And why not? He was superior, he was the husband of Dorothy Hepplestall and it was that fact—the fact that he had married Dorothy and made a success of their marriage—which counted against him with the county far more than his having gone into trade and having made a success of that. They would have welcomed a failure somewhere, and he had failed at nothing. So though he had their society, he had it grudgingly.
He was then driven back, not unwillingly, on Dorothy. She was, for Reuben, the whole of friendship, the whole of companionship, the whole of love; after all, she was Dorothy and certainly he made no complaint that he had no other friends and that he was a tolerated, unpopular figure in society. His days were for the factory, his evenings for Dorothy and their children and, when the children had gone to bed, for Dorothy and his books. Books, though they were not unduly insisted upon in the country districts of Lancashire, went then with gentlemanliness and Reuben was not idiosyncratic, but normal, in becoming bookish in middle-age. In Parliament they quoted the classics in their speeches, and the Corinthian of the Clubs, whatever his sporting tastes, spared time to keep his classics in repair. Bookishness, in moderation, was part of the make-up of a man of taste, and for Reuben it had become a recourse not for fashion’s sake but for its own.
Life for Reuben had its mellowness; he had struggled and he had won; he was owner and despot, hardly bound by any law but that of his will, of the several factories contained within the great wall, of a coal-mine, of the town of cottages and shops about. The conditions of labor were the usual conditions and they did not trouble his conscience. Things were, indeed, rather smoother for Hepplestall’s workers than for some others; he was above petty rent exactions and truck shops, as, being his own coal supplier, he could very well afford to be.
What drawbacks there were to his position were rather in matters of decoration than reality, but it was decided proof of his unpopularity in both camps of influence that Hepplestall was not a magistrate. Other great manufacturers, to a man, were on the bench and took good care to be, because administration of the law was largely in the hands of the magistrates and the manufacturers wanted the administration in trusty hands—their own. It was a permanent rebuff to Reuben that he was not a magistrate; there were less wealthy High Sheriffs.
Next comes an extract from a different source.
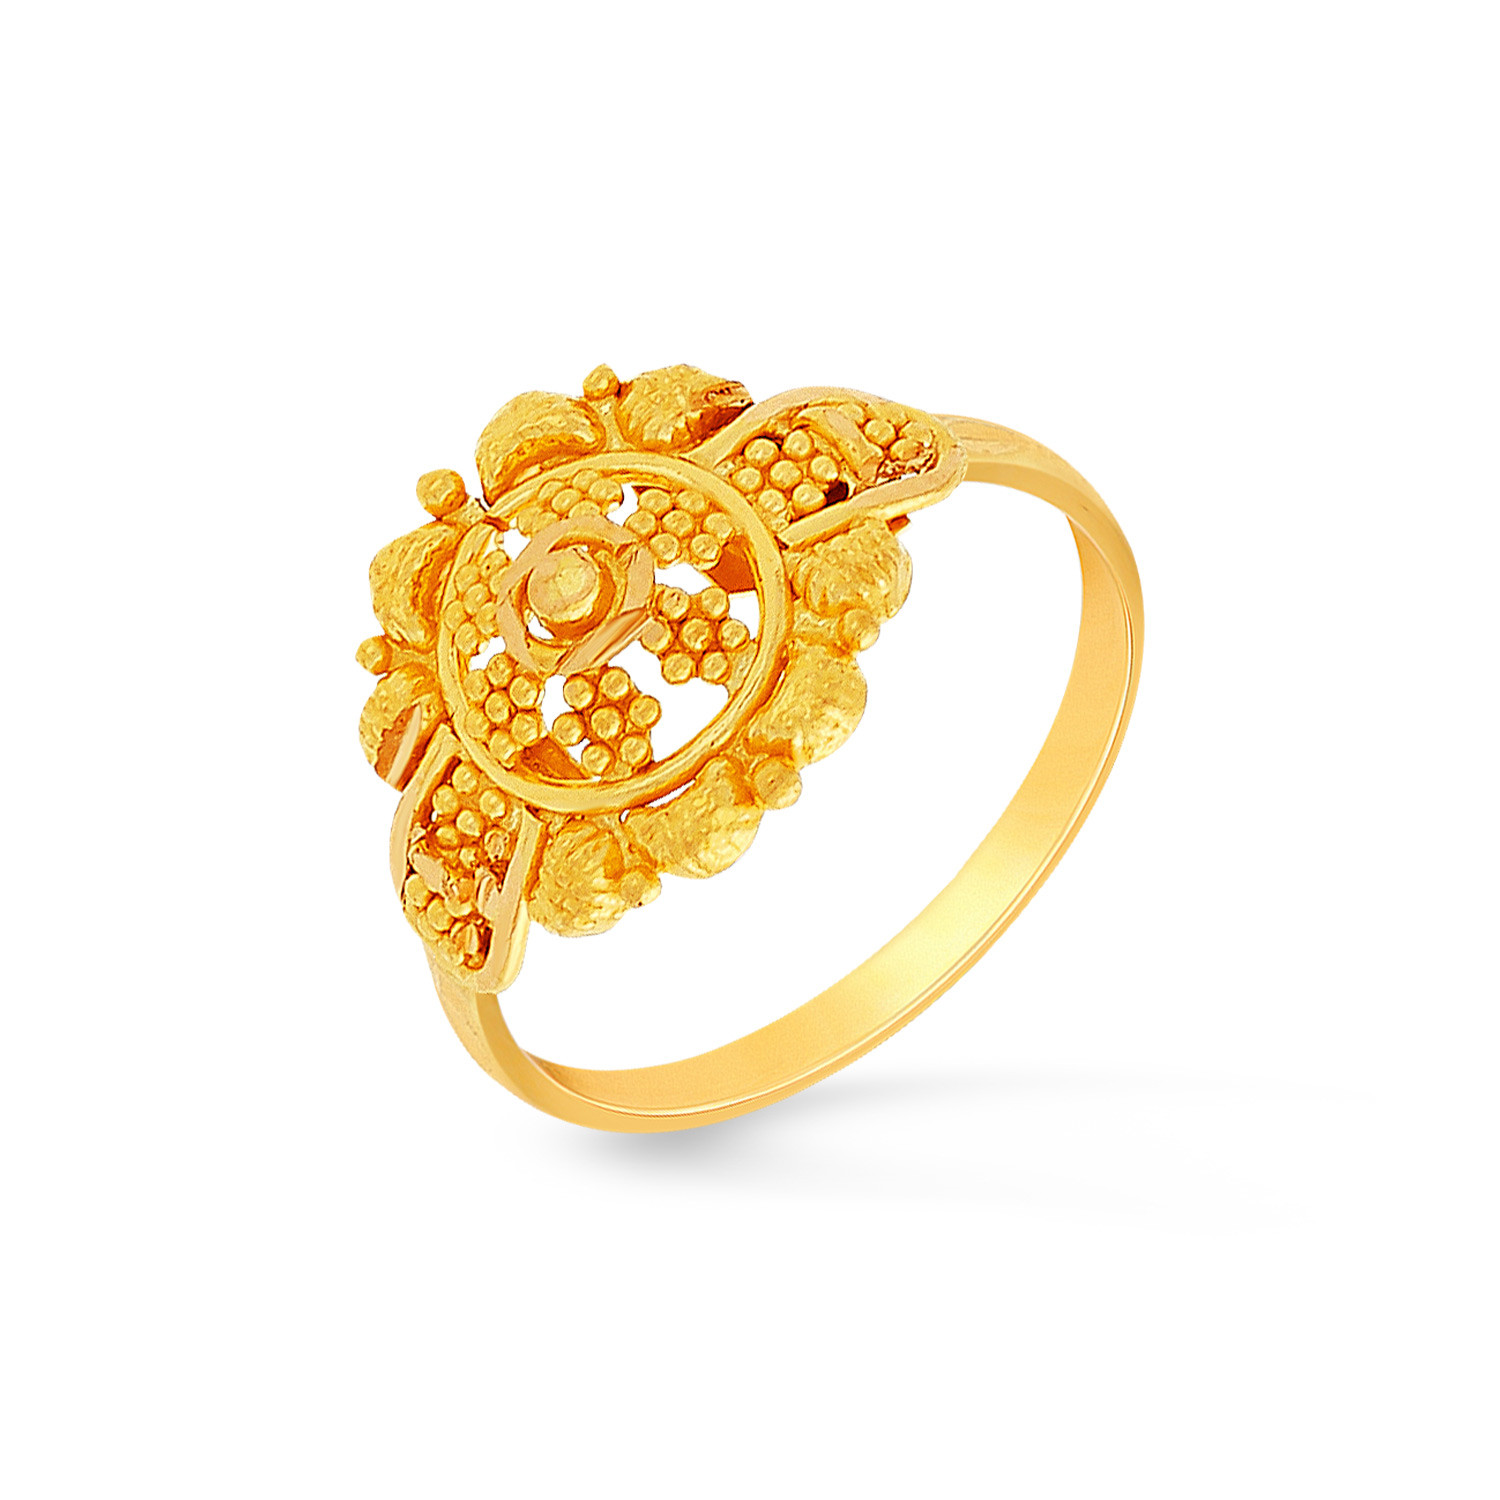 Buy Malabar Gold 22 KT Gold Band Ring for Women Online
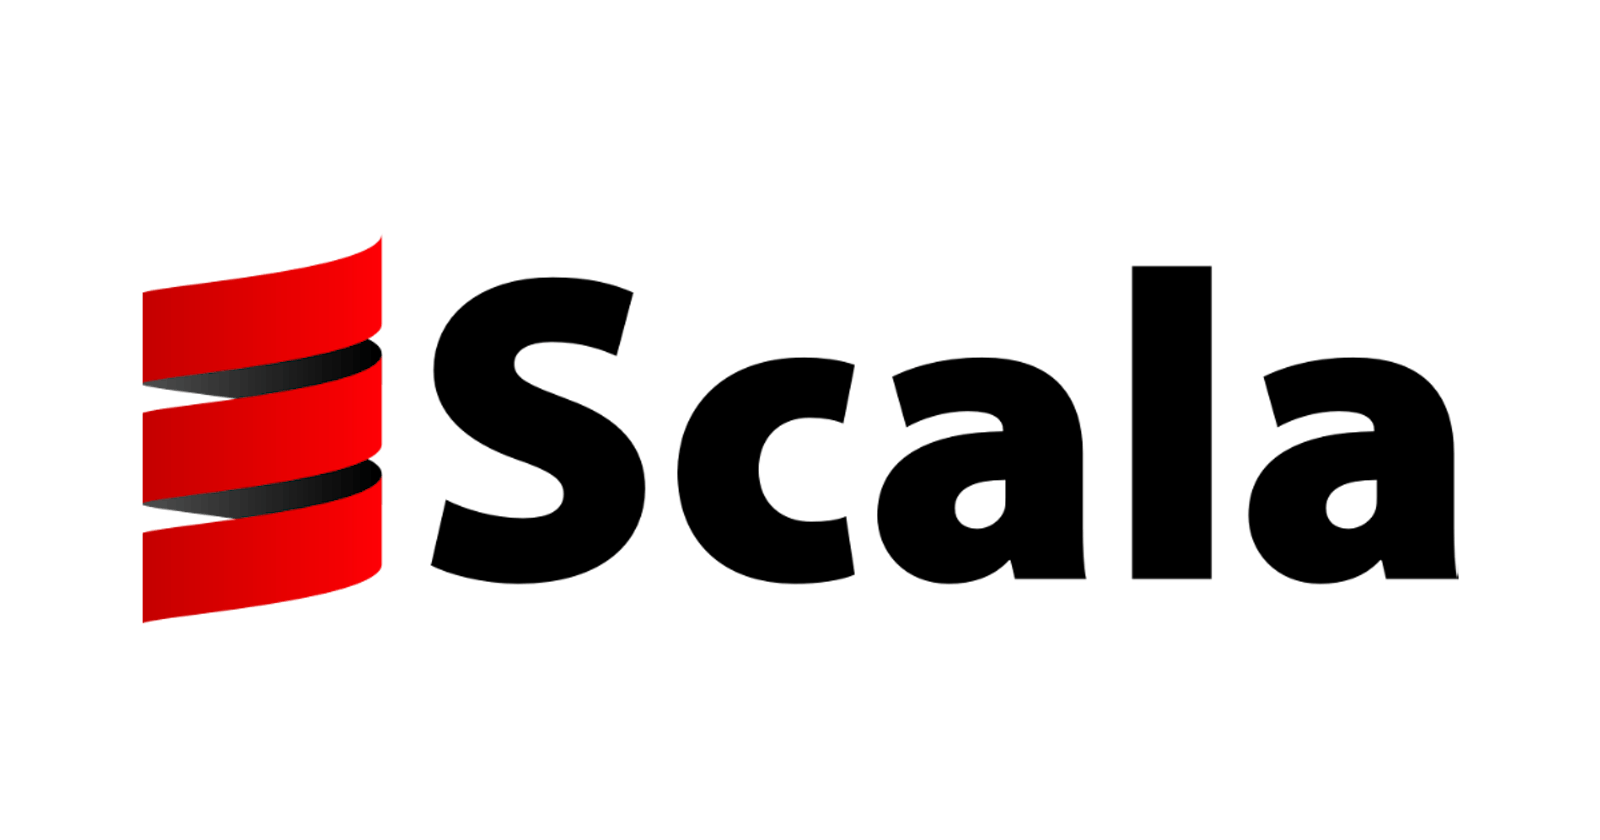 The Scala Programming Language And Why Should Care

It was a puny irritation, symptomatic of their spite, and it didn’t matter much to Reuben, who was sure of his realities, sure, above all, of the reality of Dorothy’s love. No love runs smooth for twenty years and probably it would not be love if it did, but only a bad habit masquerading as love, so that it would not be true to say of Reuben and Dorothy that they had never had a difference. They had had many small differences, and in this matter of love what happens is that which also happens to a tree. Trees need wind; wind forces the roots down to a stronger and ever stronger hold upon the earth. And so with love, which cannot live in draughtless hothouse air, but needs to be wind-tossed to prove and to increase its strength. Impossible to be a pacifist in love! Love is a tussle, a thing of storms and calms: like everything in life it cannot stand still but must either grow or decay, and for growth, it must have strife. Sex that is placid and love that is immovable are contradictions in terms. Love has to interest or love will cease to be, and to interest it cannot stagnate.
The children came almost as milestones in the road of their love; each marked the happy ending of a period of stress. They were not results of a habit, but the achievements of a passion, live symbols of a thing itself alive. These two hearts did not beat all the time as one, and the restlessness of their love was as essential as its harmony.
But the shadow of a difference that might grow into a disaster was being cast upon them. In a way, it was extraneous to their love, and in another way was part and parcel of it. The question was the future of Edward, the eldest son.
Dorothy lived in two worlds, in Reuben and in the county, and Reuben lived in three, Dorothy, the factory and the county. He put the factory second to Dorothy and she put it nowhere. There was a bargain between them, unspoken but understood, that she should put it nowhere and yet he was assuming, tacitly, that Edward was as a matter of course to succeed him as controller of the factory and the mine: of these two he always thought first of the factory and second of the mine.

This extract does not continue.